You are viewing a plain text version of this content. The canonical link for it is here.
Posted to commits@flink.apache.org by mx...@apache.org on 2016/10/18 14:05:32 UTC
[2/2] flink git commit: [FLINK-4829] snapshot accumulators on a
best-effort basis
[FLINK-4829] snapshot accumulators on a best-effort basis
Heartbeats should not fail when accumulators could not be snapshotted. Instead,
we should simply skip the reporting of the failed accumulator. Eventually, the
accumulator will be reported; at the latest, when the job finishes.
This closes #2649
Project: http://git-wip-us.apache.org/repos/asf/flink/repo
Commit: http://git-wip-us.apache.org/repos/asf/flink/commit/210230c4
Tree: http://git-wip-us.apache.org/repos/asf/flink/tree/210230c4
Diff: http://git-wip-us.apache.org/repos/asf/flink/diff/210230c4
Branch: refs/heads/release-1.1
Commit: 210230c4ab44b84c28b9a62ff461de0955e67f8f
Parents: c1d6b24
Author: Maximilian Michels <mx...@apache.org>
Authored: Mon Oct 17 14:19:00 2016 +0200
Committer: Maximilian Michels <mx...@apache.org>
Committed: Tue Oct 18 16:05:05 2016 +0200
----------------------------------------------------------------------
.../apache/flink/runtime/taskmanager/TaskManager.scala | 13 ++++++++++---
1 file changed, 10 insertions(+), 3 deletions(-)

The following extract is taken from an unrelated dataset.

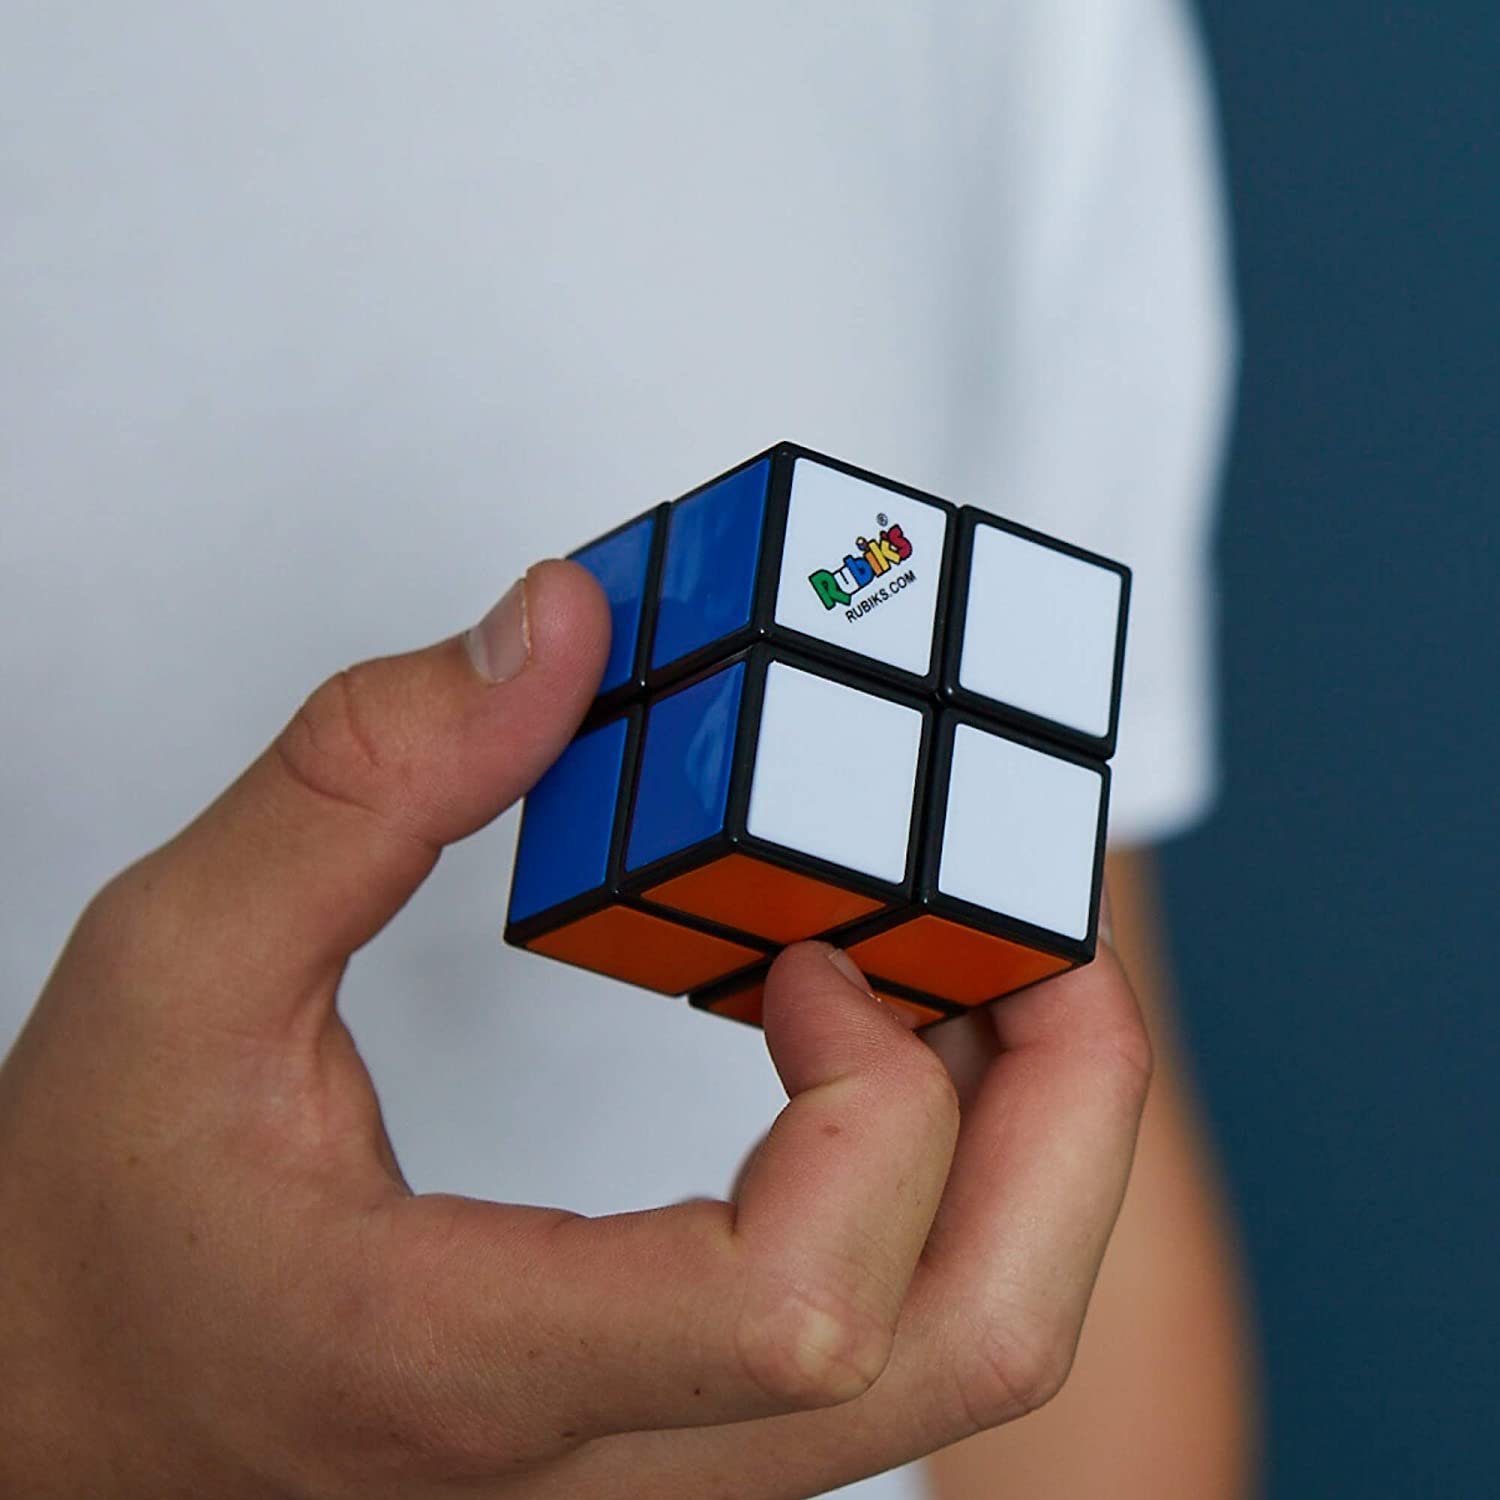 Würfel x einzig 2 Rubik´s der Rubik´s wahre Original Zauber Beginner Zauberwürfel Spiel, 2 Cube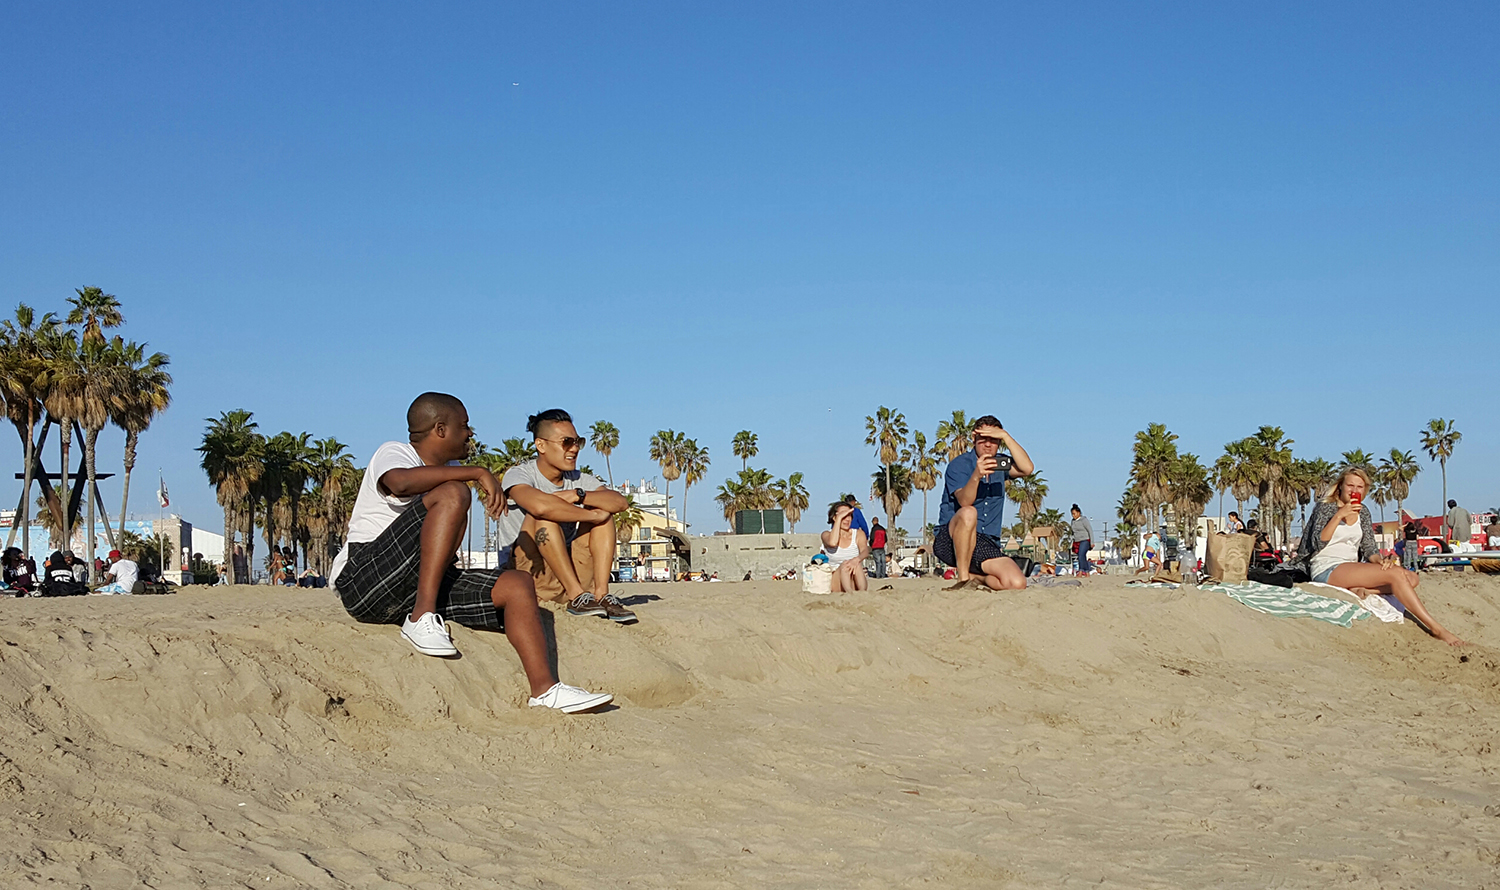 Jeff & Khai - Venice Beach (Los Angeles, CA)

----------------------------------------------------------------------
http://git-wip-us.apache.org/repos/asf/flink/blob/210230c4/flink-runtime/src/main/scala/org/apache/flink/runtime/taskmanager/TaskManager.scala
----------------------------------------------------------------------
diff --git a/flink-runtime/src/main/scala/org/apache/flink/runtime/taskmanager/TaskManager.scala b/flink-runtime/src/main/scala/org/apache/flink/runtime/taskmanager/TaskManager.scala
index 8e787bb..dc2780b 100644
--- a/flink-runtime/src/main/scala/org/apache/flink/runtime/taskmanager/TaskManager.scala
+++ b/flink-runtime/src/main/scala/org/apache/flink/runtime/taskmanager/TaskManager.scala
@@ -35,6 +35,7 @@ import com.codahale.metrics.jvm.{BufferPoolMetricSet, GarbageCollectorMetricSet,
import com.codahale.metrics.{Gauge, MetricFilter, MetricRegistry}
import com.fasterxml.jackson.databind.ObjectMapper
import grizzled.slf4j.Logger
+import org.apache.commons.lang3.exception.ExceptionUtils
import org.apache.flink.configuration._
import org.apache.flink.core.fs.FileSystem
import org.apache.flink.core.memory.{HeapMemorySegment, HybridMemorySegment, MemorySegmentFactory, MemoryType}
@@ -1282,9 +1283,15 @@ class TaskManager(
runningTasks.asScala foreach {
case (execID, task) =>
- val registry = task.getAccumulatorRegistry
- val accumulators = registry.getSnapshot
- accumulatorEvents.append(accumulators)
+ try {
+ val registry = task.getAccumulatorRegistry
+ val accumulators = registry.getSnapshot
+ accumulatorEvents.append(accumulators)
+ } catch {
+ case e: Exception =>
+ log.warn("Failed to take accumulator snapshot for task {}.",
+ execID, ExceptionUtils.getRootCause(e))
+ }
}
currentJobManager foreach {